Leaving out the pictures, write out exactly each line from the line with "Kitchen Design Adorable Castle With Big" through the close of the listing below.

*** Opening of Supplied data ***

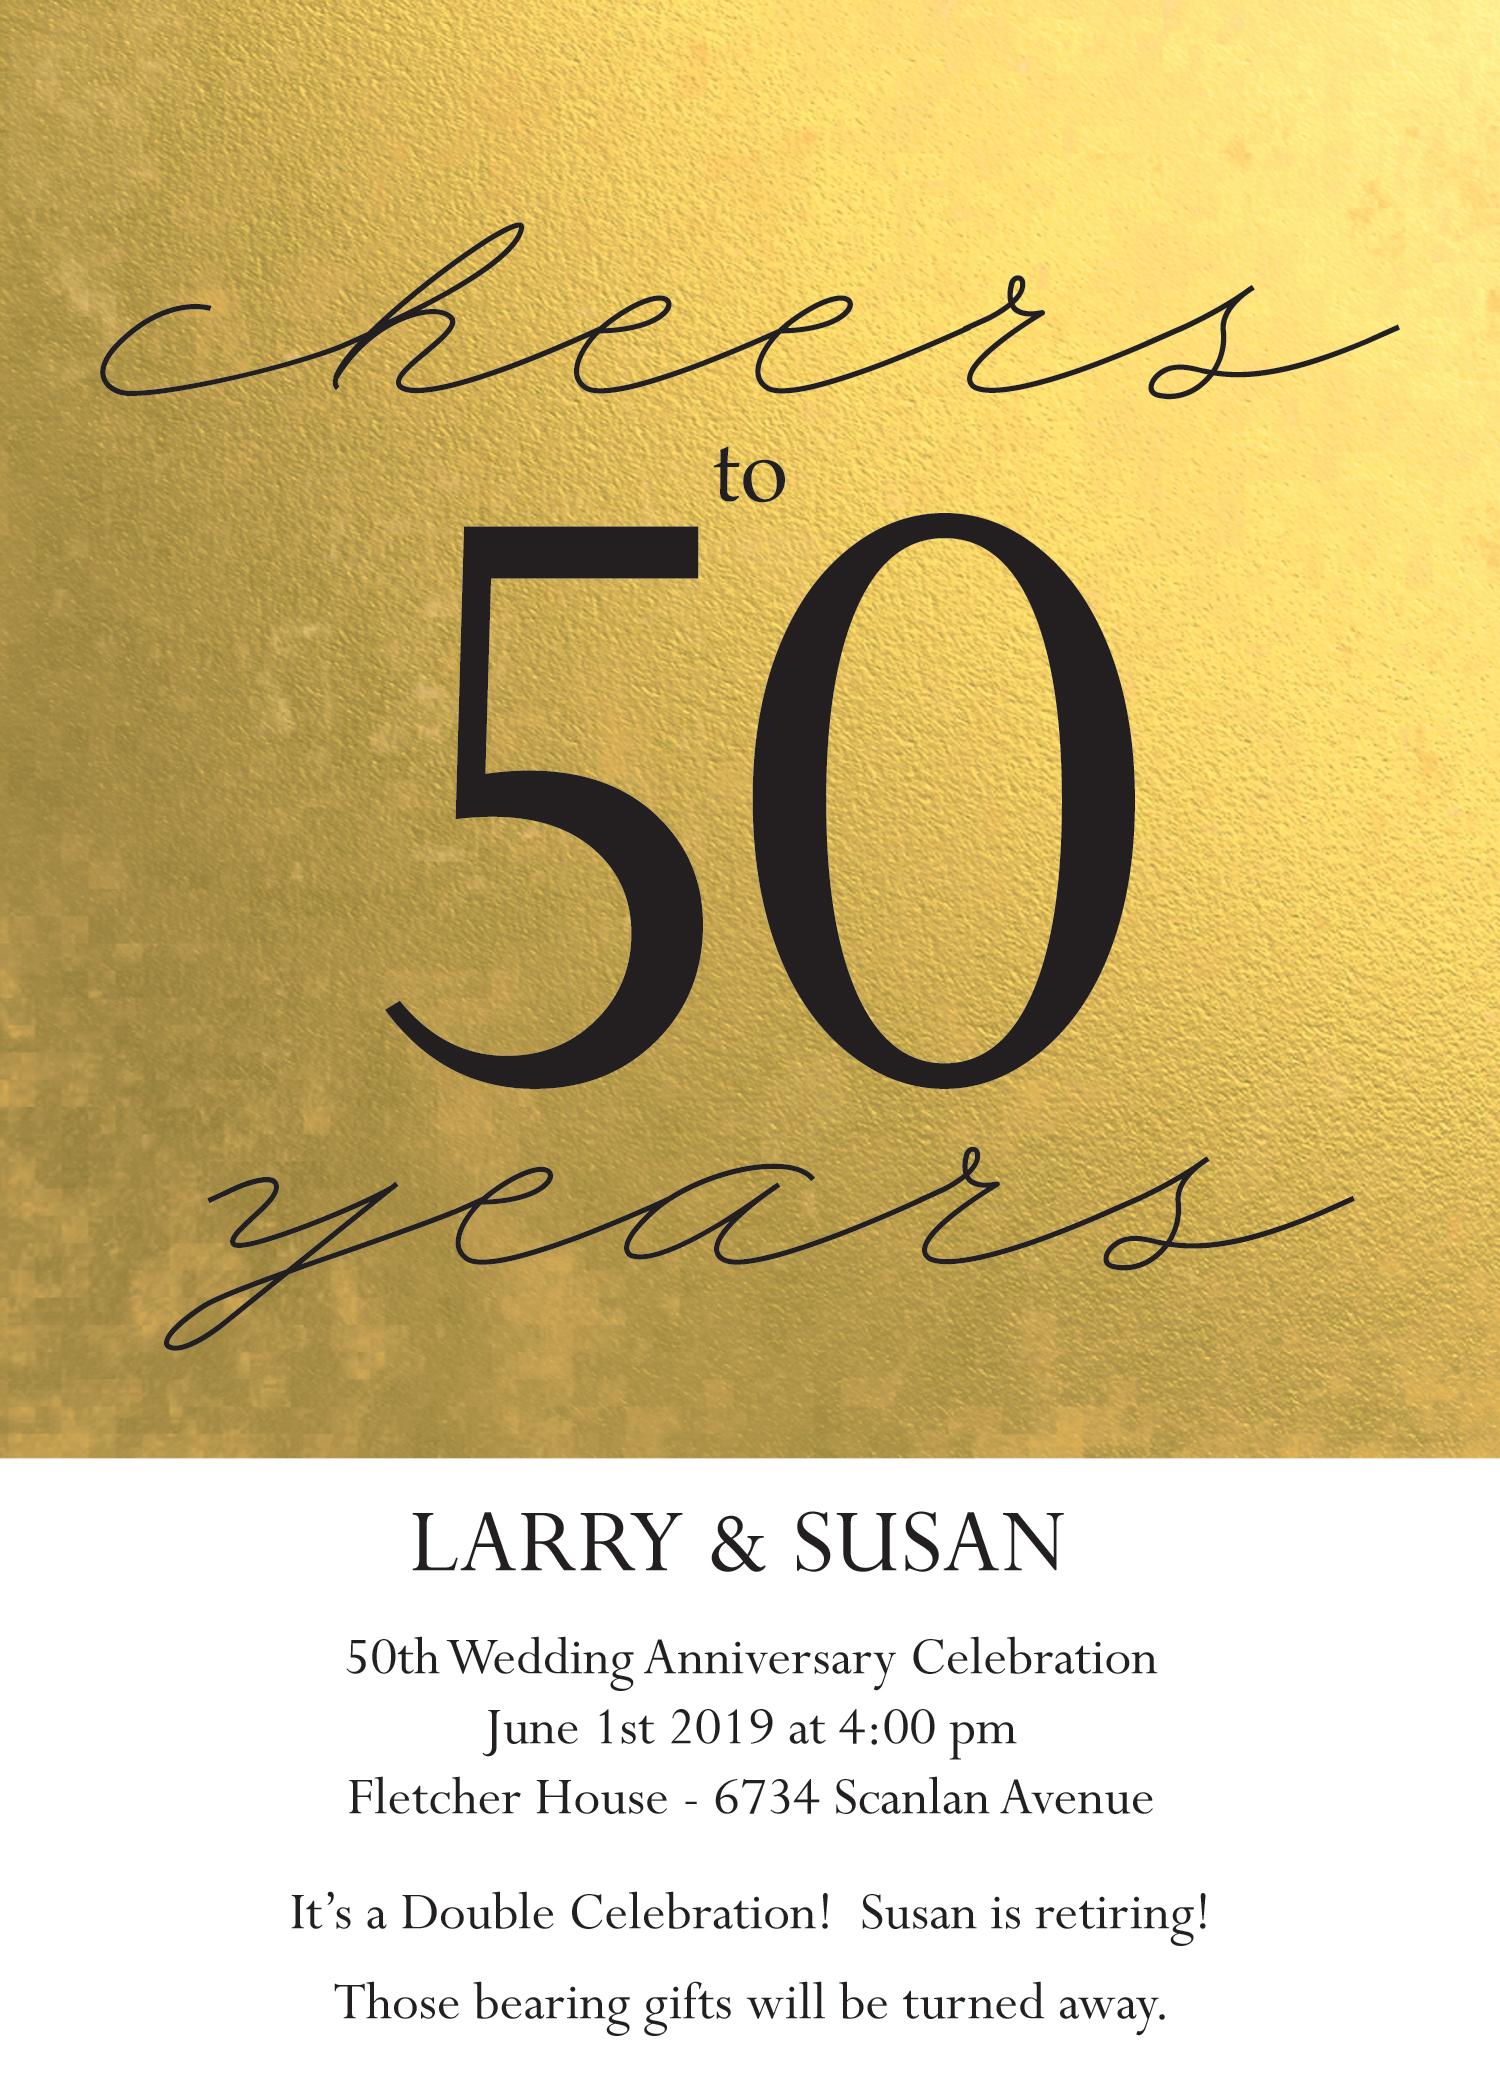 50 wedding anniversary invitation
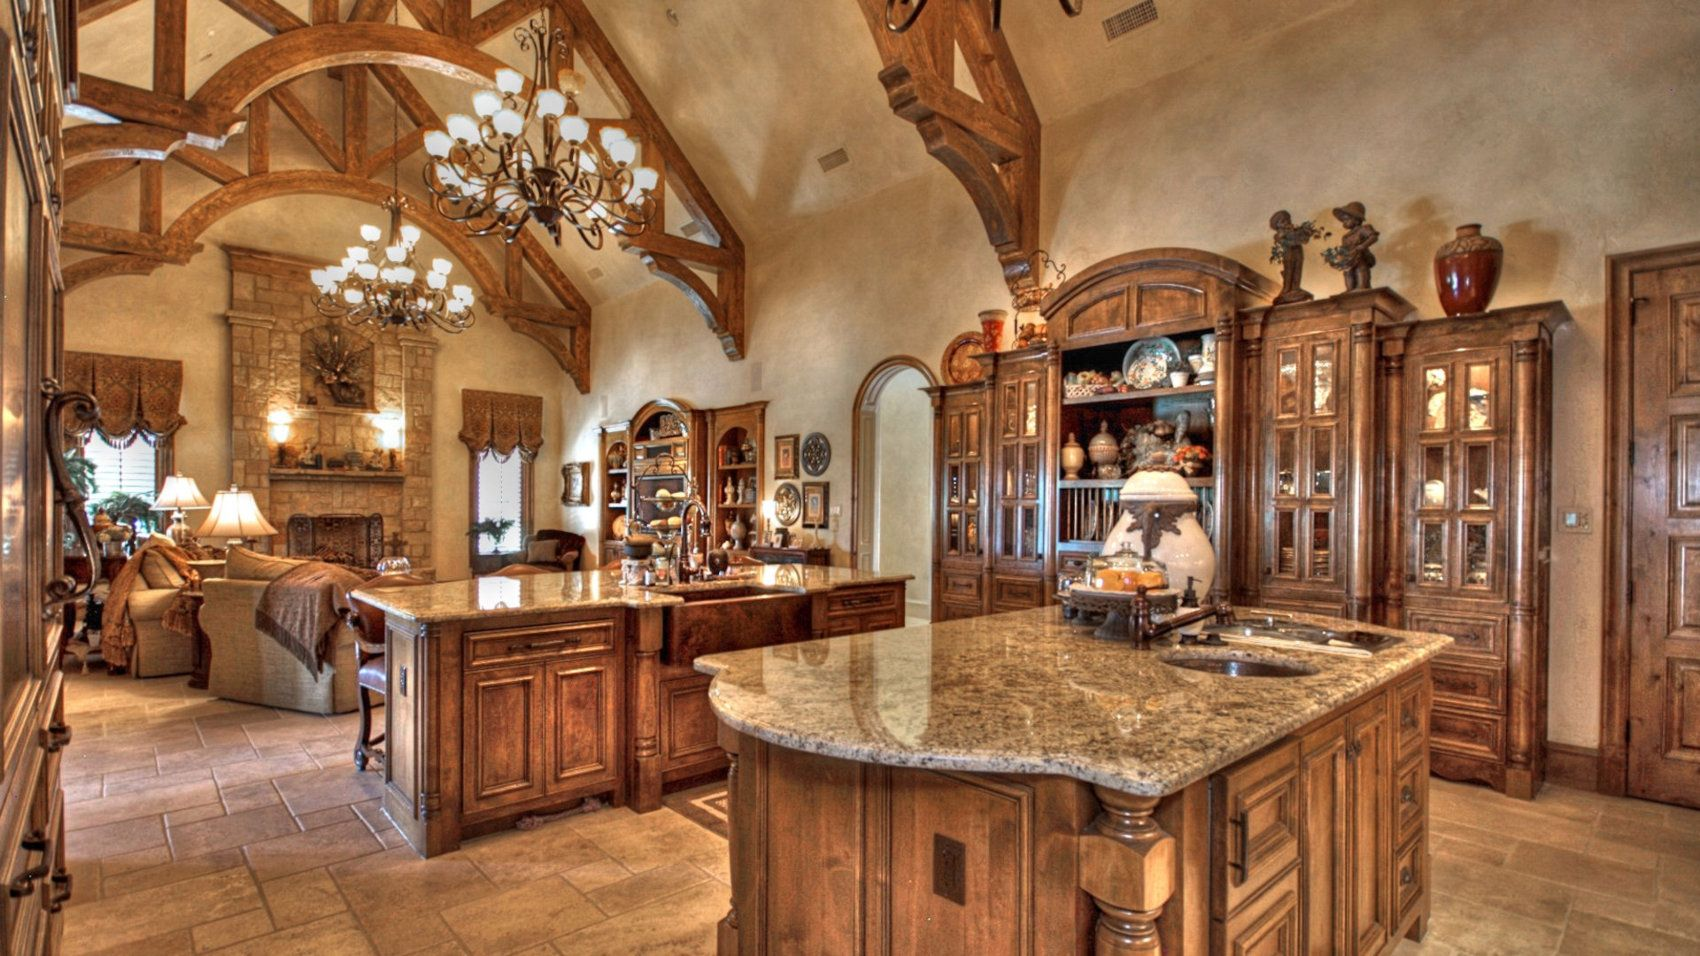 Kitchen Design Adorable Castle With Big
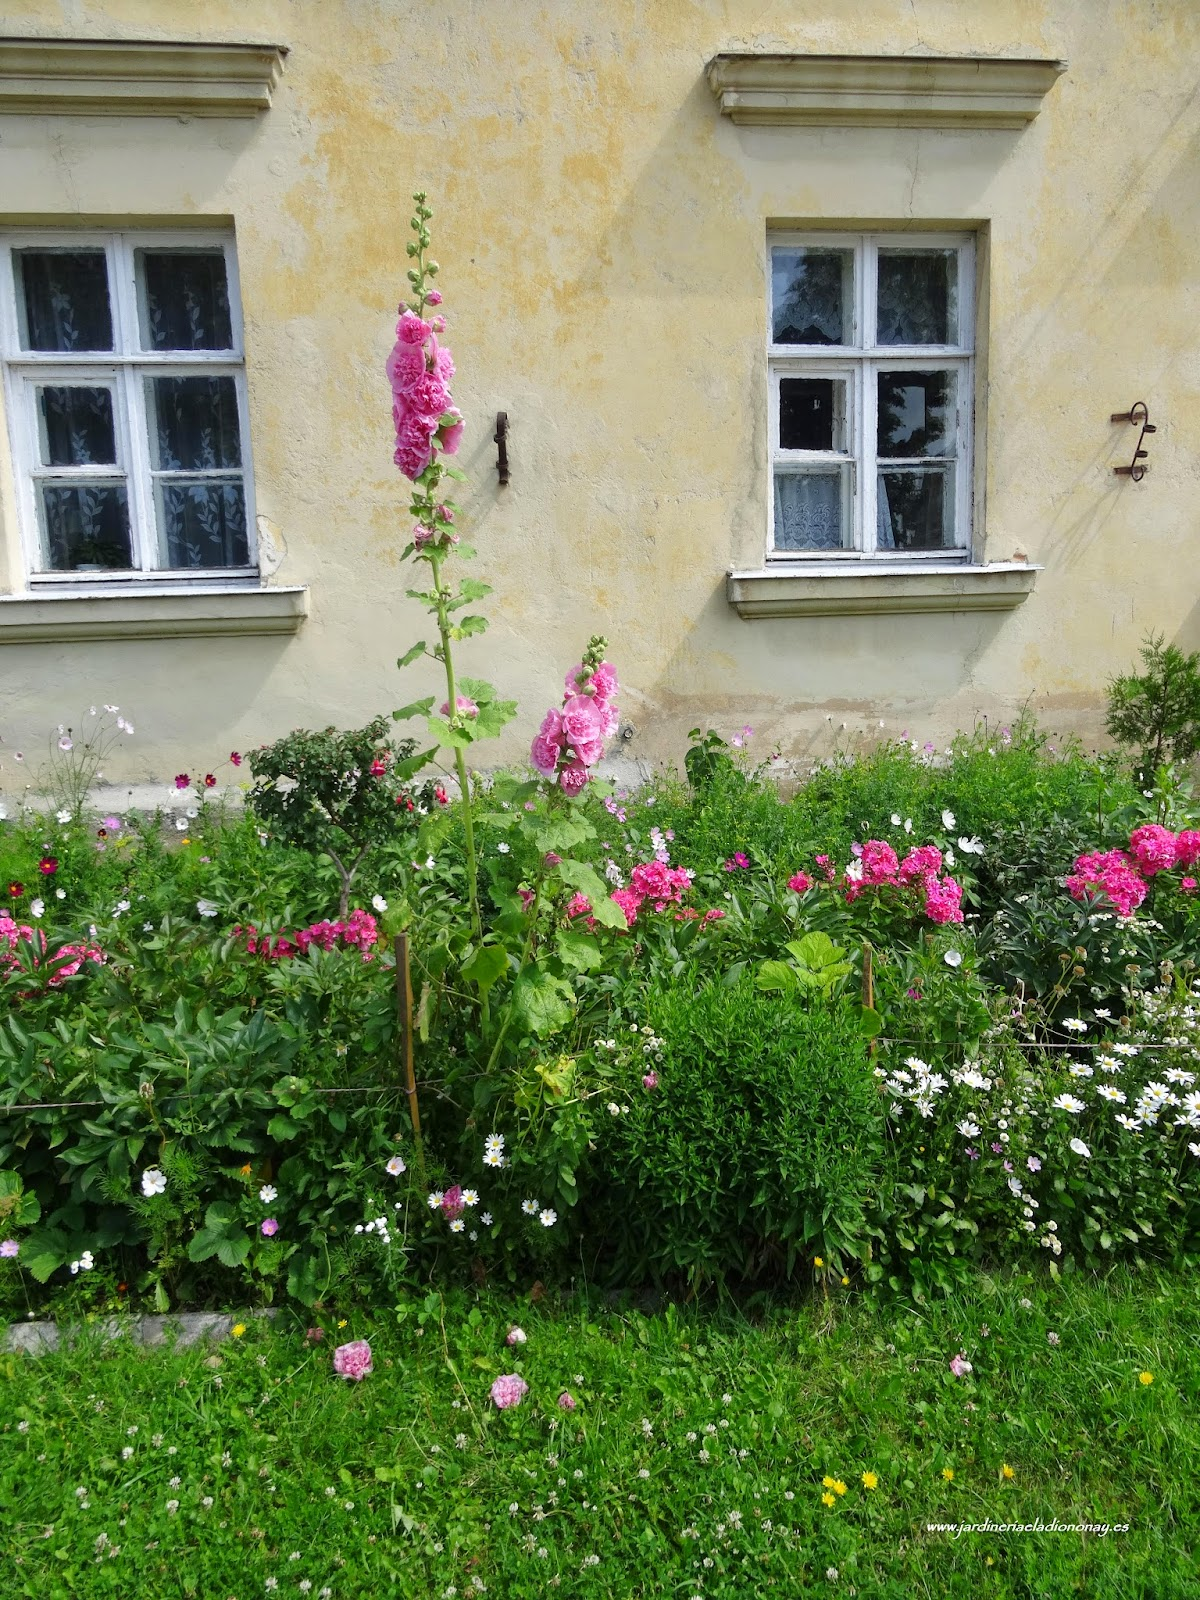 Jardineria eladio nonay diferencia macizo arriate for Arriate jardin

*** Close of Supplied data ***

Your response
 Kitchen Design Adorable Castle With Big
 Jardineria eladio nonay diferencia macizo arriate for Arriate jardin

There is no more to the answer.